> **To do**
All the lines below need retyping exactly, apart from the images.

> **Given data**
= = = =
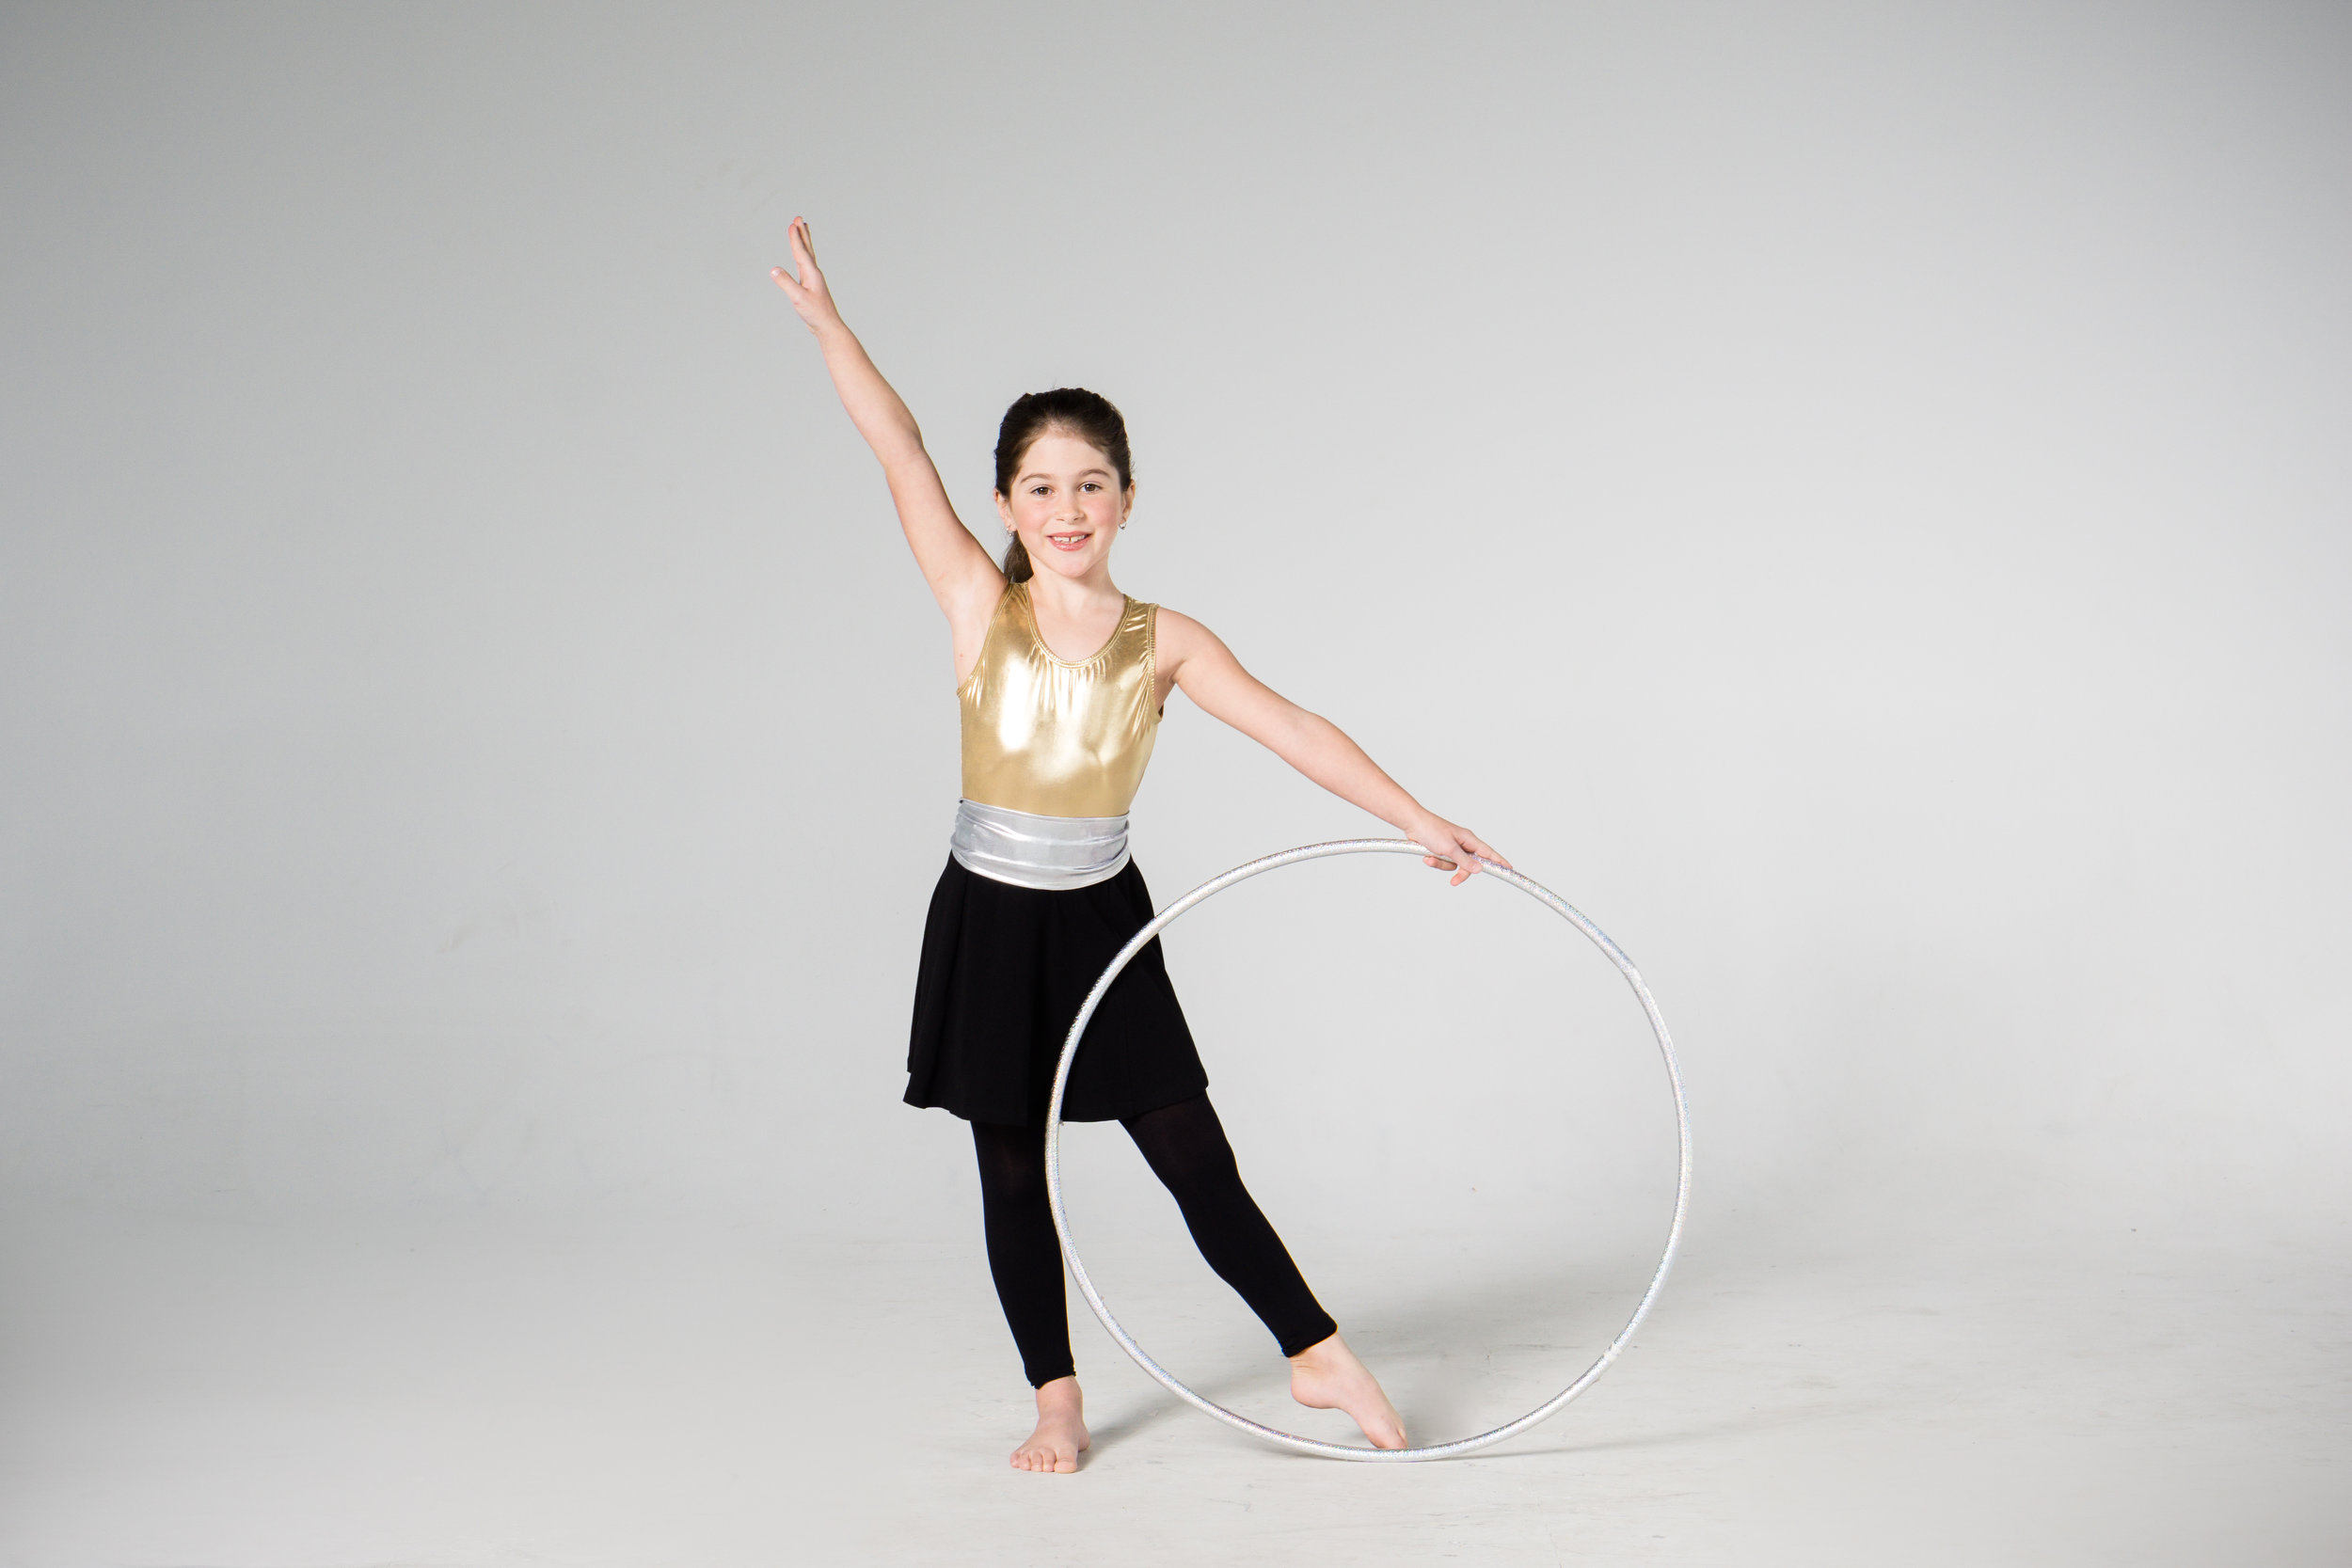 young rhythmic gymnastics girl with hoop
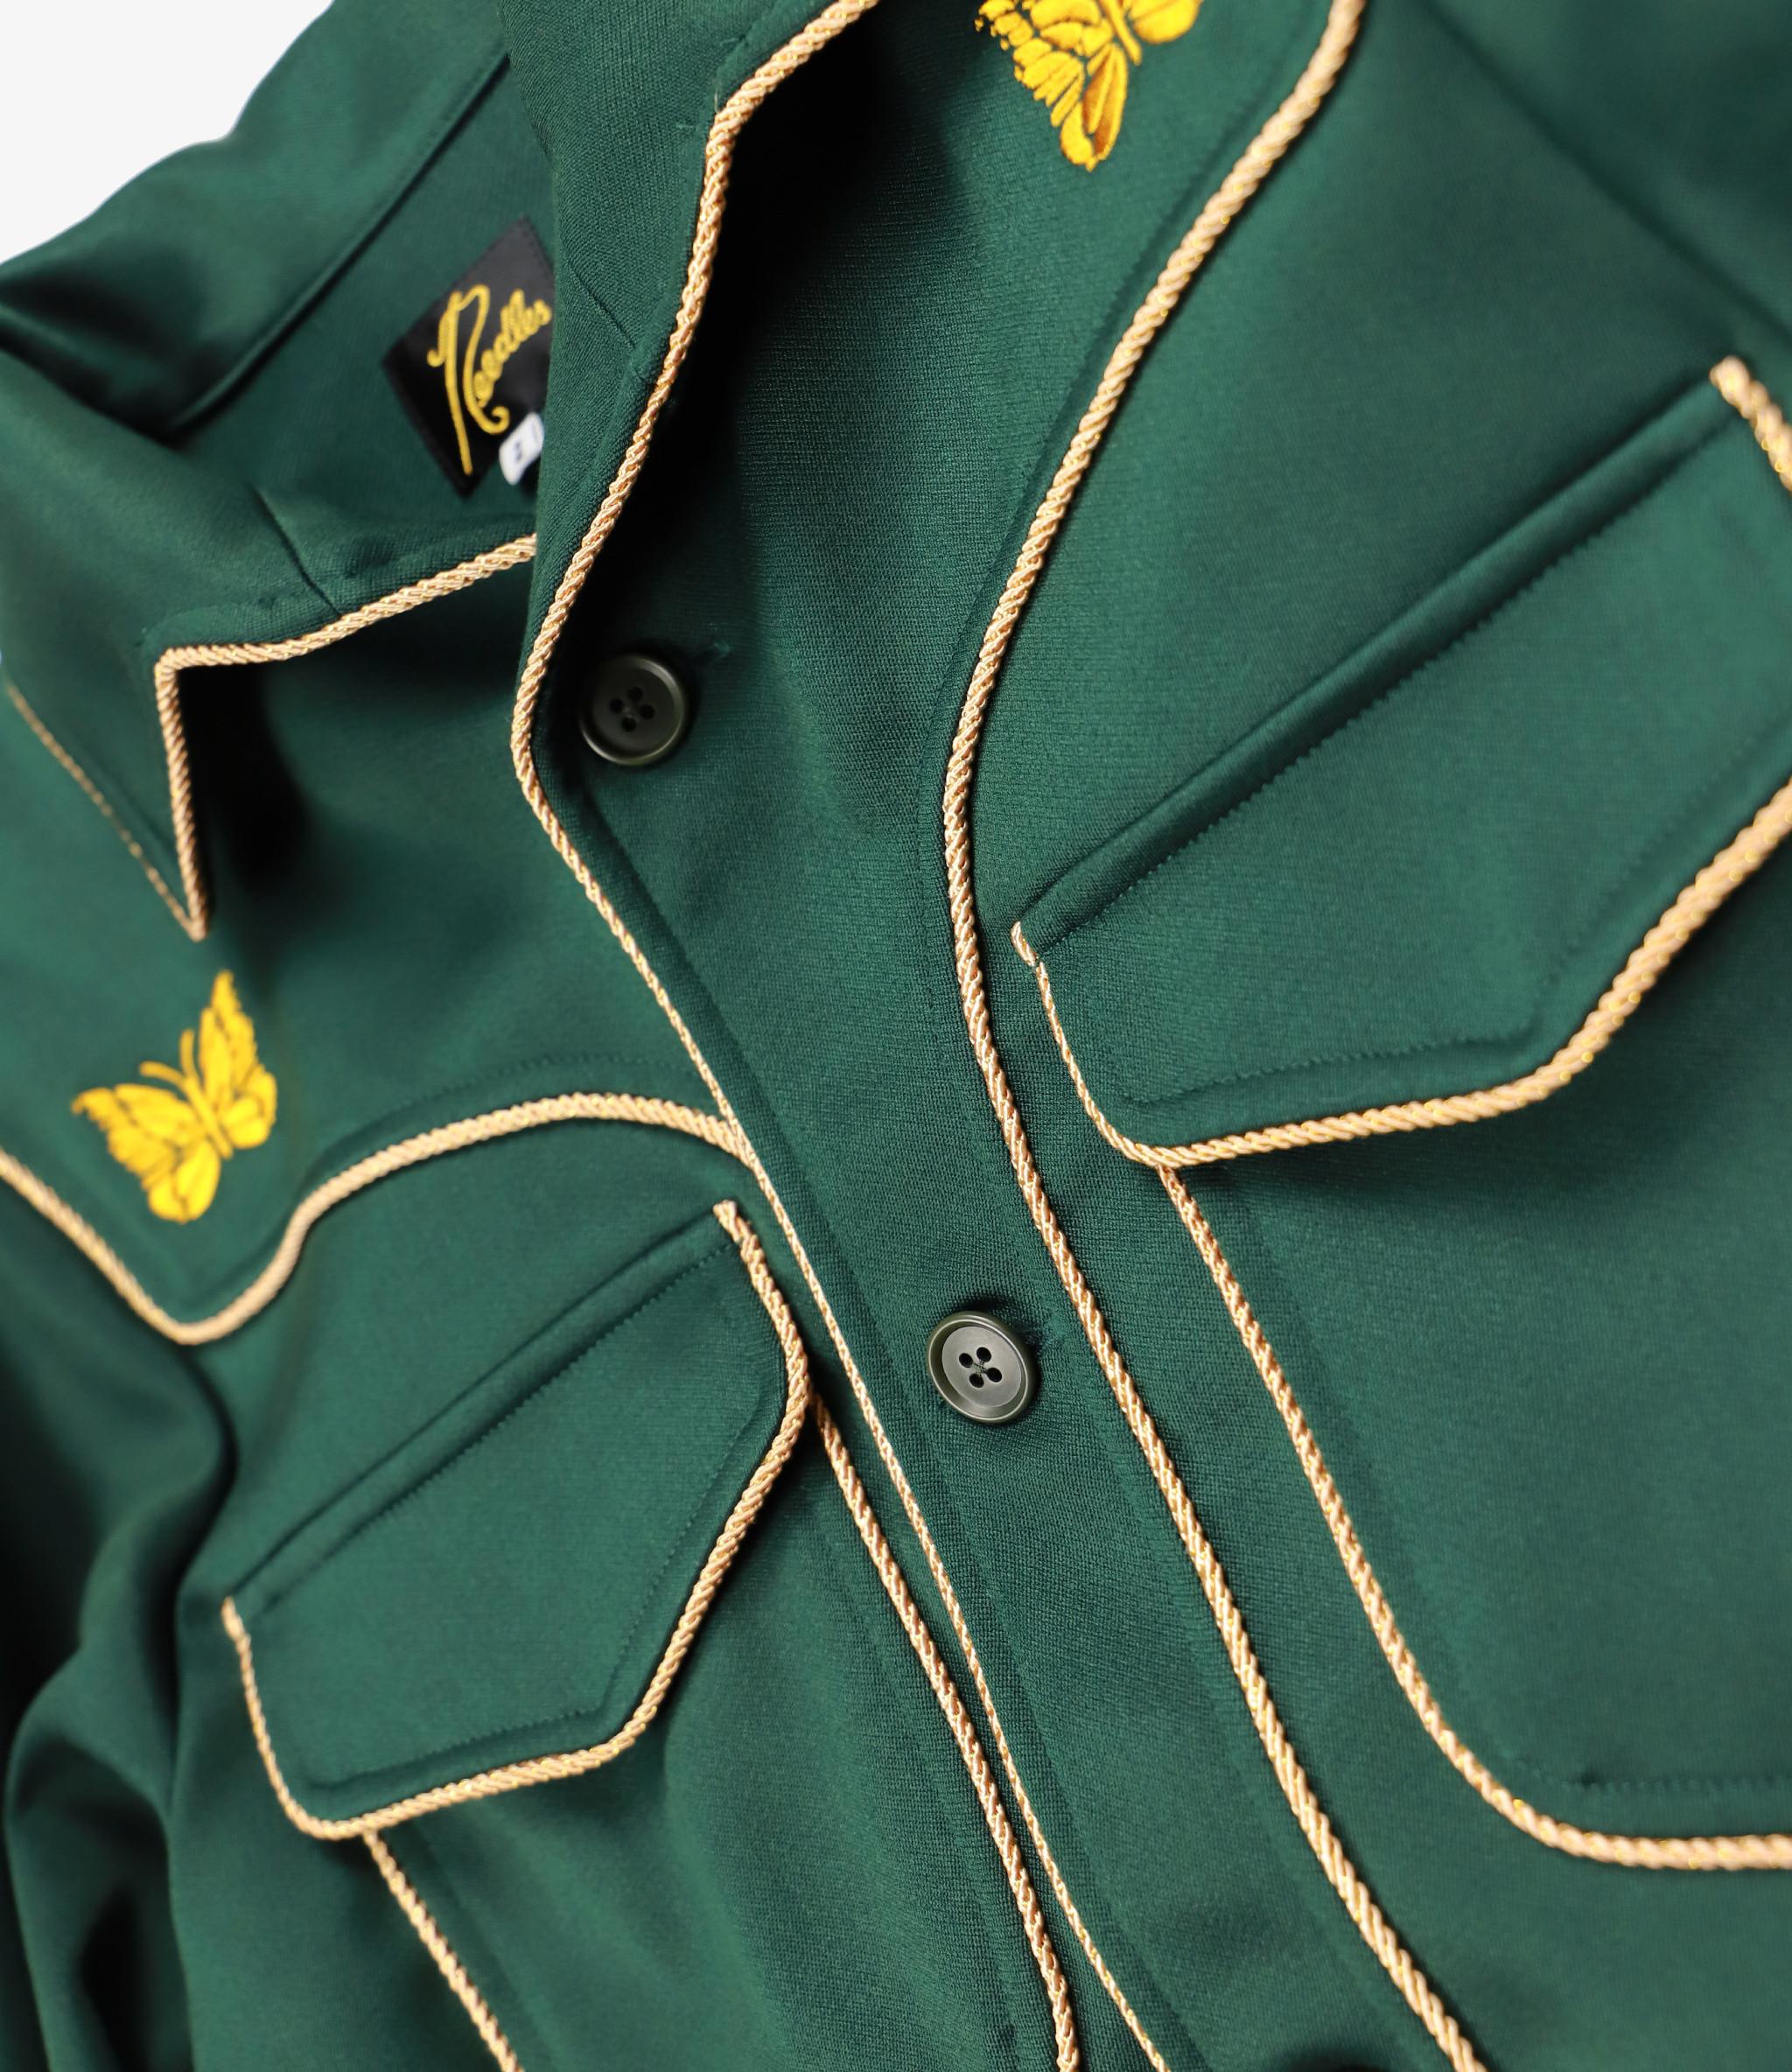 Needles Piping Cowboy Leisure Jacket - Pe/R Doeskin - Green
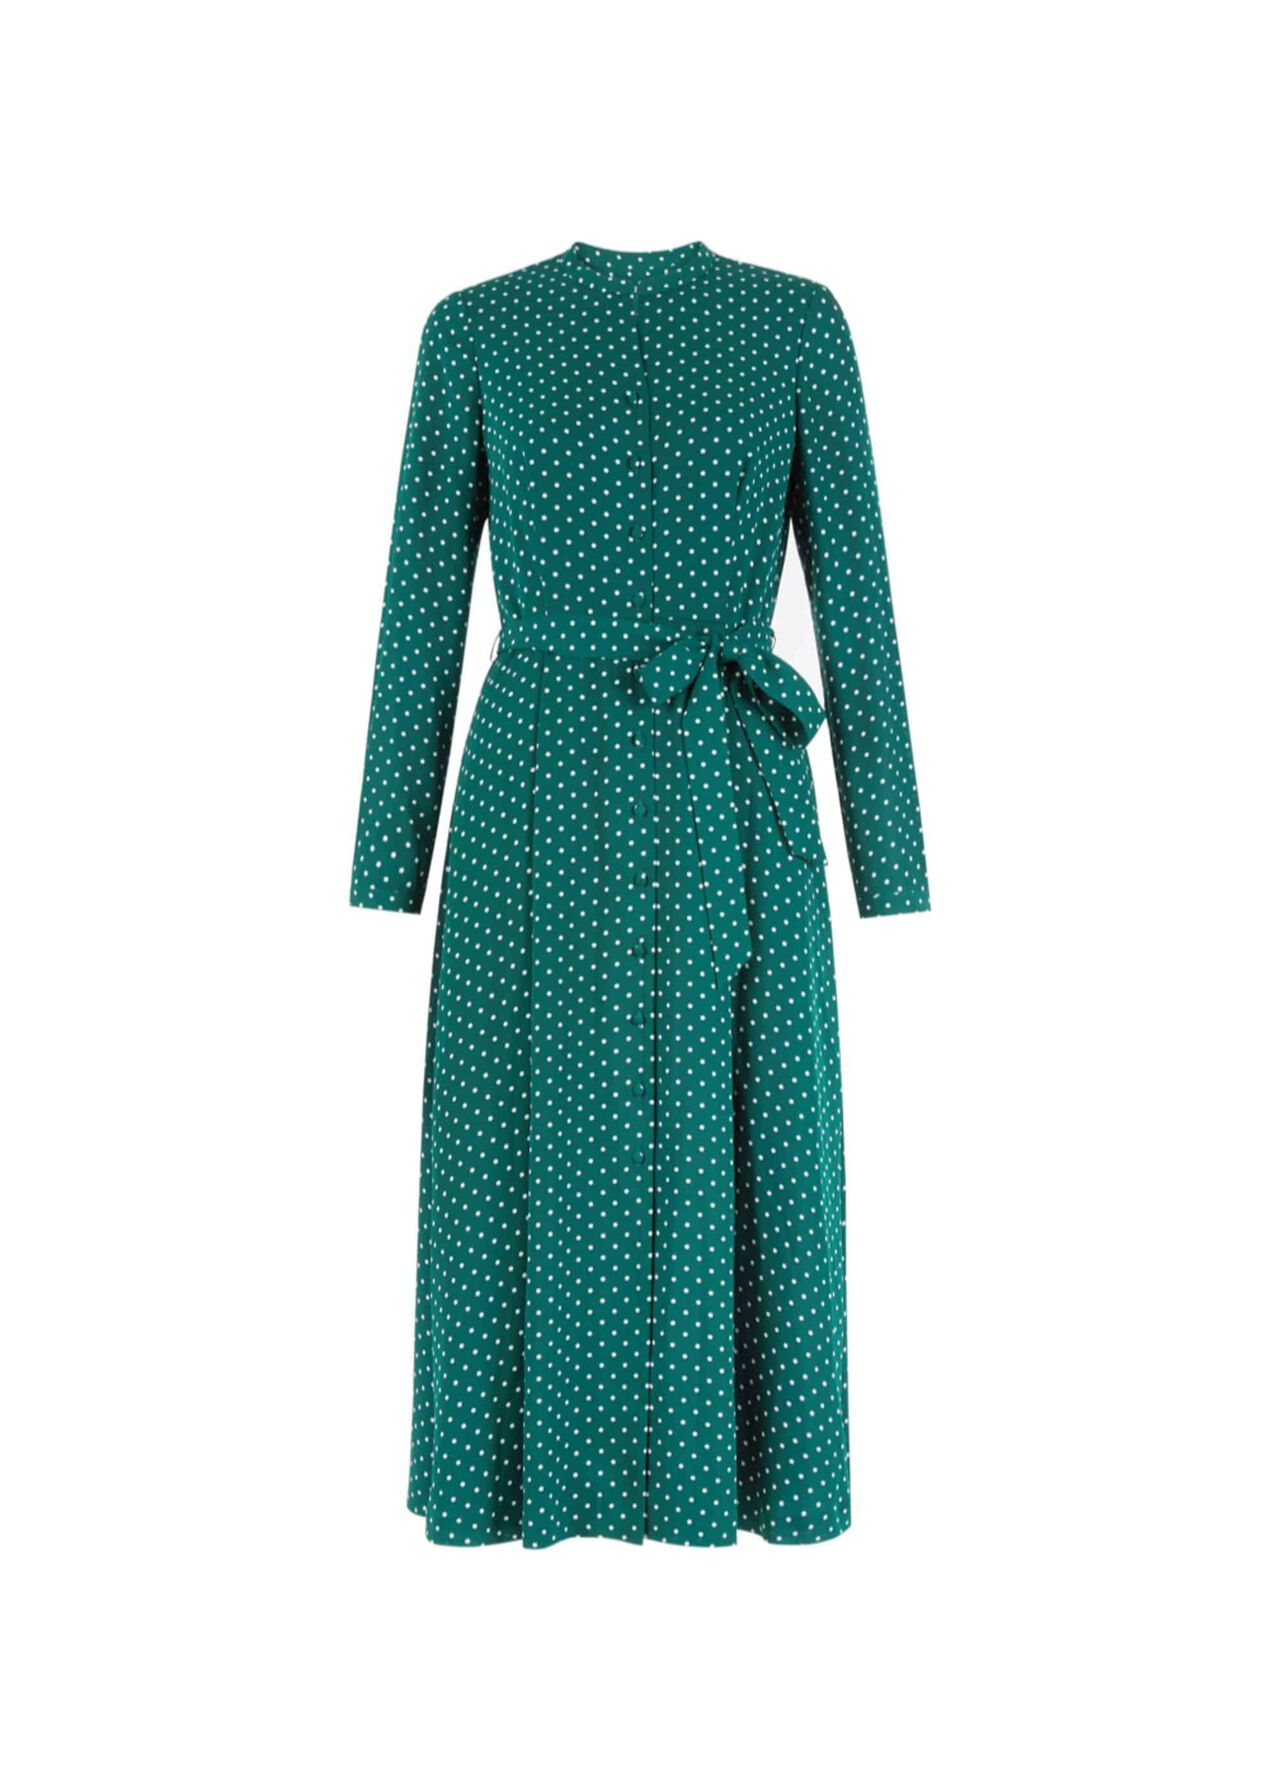 Tarini Dress Green Ivory
= = = =
> **Solution for this exercise**
 young rhythmic gymnastics girl with hoop
 Needles Piping Cowboy Leisure Jacket - Pe/R Doeskin - Green
 Tarini Dress Green Ivory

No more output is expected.